Roasted Chickpeas
USDA Mixing Bowl
A delicious, crunchy snack without the guilt! Roasted chickpeas are a healthy snack because they are loaded with fiber and protein, and low in fat and calories. Add sweet or savory seasonings to satisfy whatever you are craving!
Prep Time 5 minutes mins
Cook Time 35 minutes mins
Course Appetizer, Snack
Cuisine American, Mediterranean
Servings 4
Calories 120 kcal
- 1 can (15.5-ounces) chickpeas (garbanzo beans)
- 1 tablespoon oil
- 1/2 teaspoon salt
Preheat oven to 400 degrees.
Drain and rinse chickpeas under running water. Pat dry with a clean towel.
Line a baking sheet with foil or parchment paper. Spread chickpeas evenly over baking sheet.
Roast in the oven 30-40 minutes until brown and crispy. Turn and stir every ten minutes or so to avoid burning.
Remove from oven and toss with seasoning. See below for suggestions.
Smart Shopping Tips
- Bulk dried chickpeas are much cheaper than canned. One pound of dried beans will make about 4-5 cans worth of cooked beans. After cooking, store can-size portions in baggies marked with the date in the fridge or freezer.
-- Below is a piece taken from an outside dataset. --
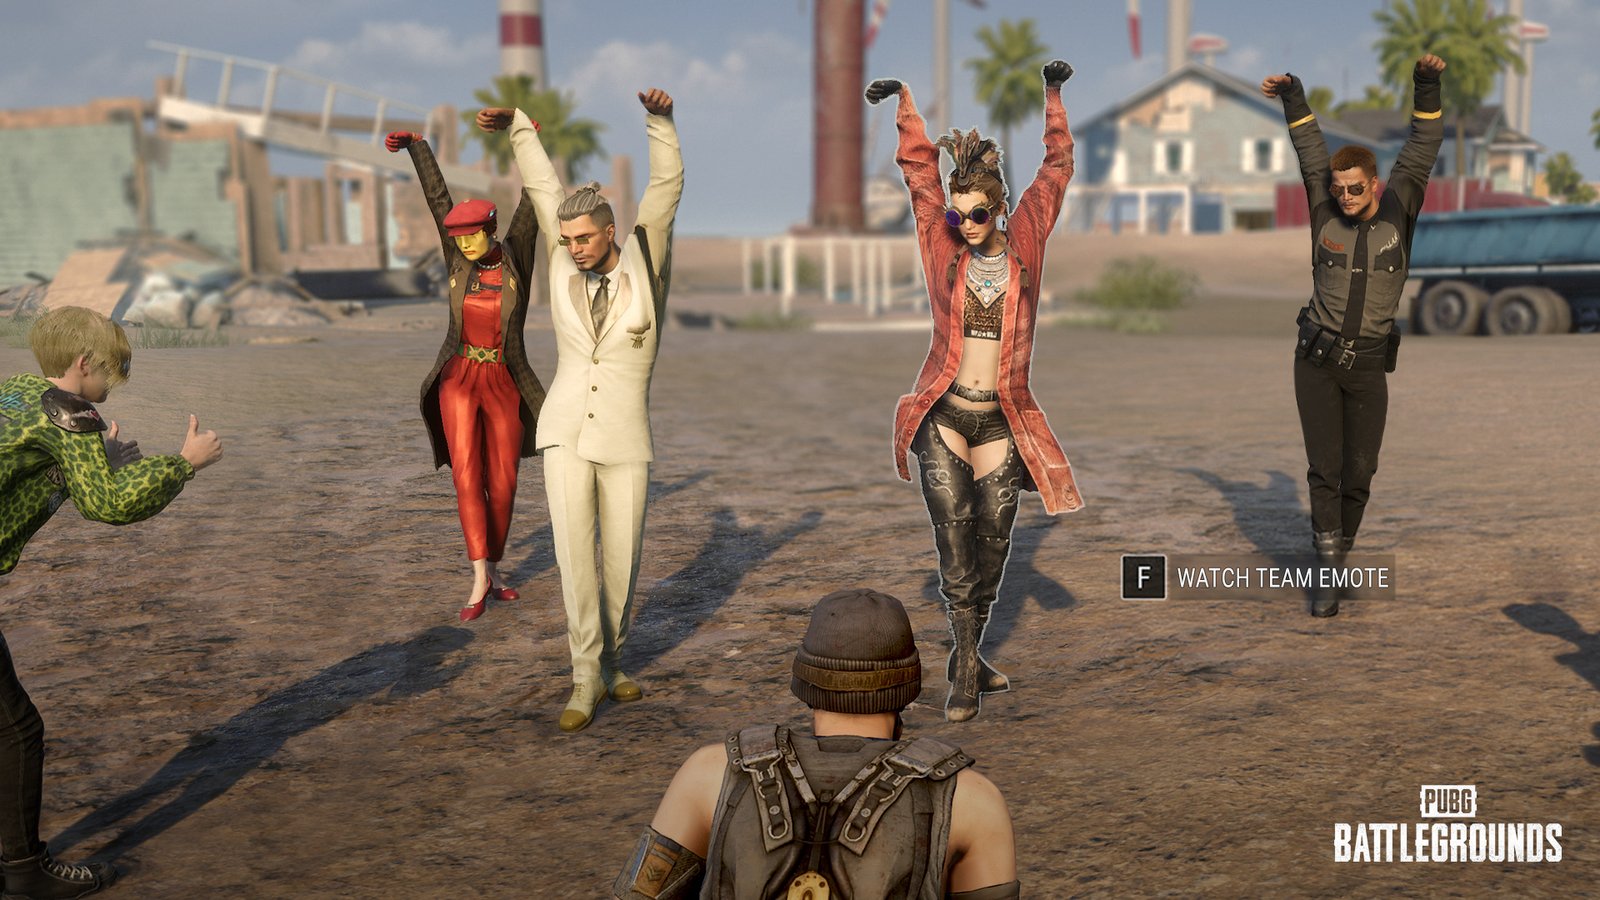 Playerunknown's Battlegrounds characters dancing in fancy outfits

- Look for low-sodium canned chickpeas.
Cooking & Serving Tips:
- You can add any variety of seasonings to create whatever flavor you are in the mood for. Here are a few suggestions:
- Sweet: honey & cinnamon; maple syrup & pumpkin pie spice (cinnamon, nutmeg & ginger)
- Savory: salt & pepper; garlic powder & Parmesan.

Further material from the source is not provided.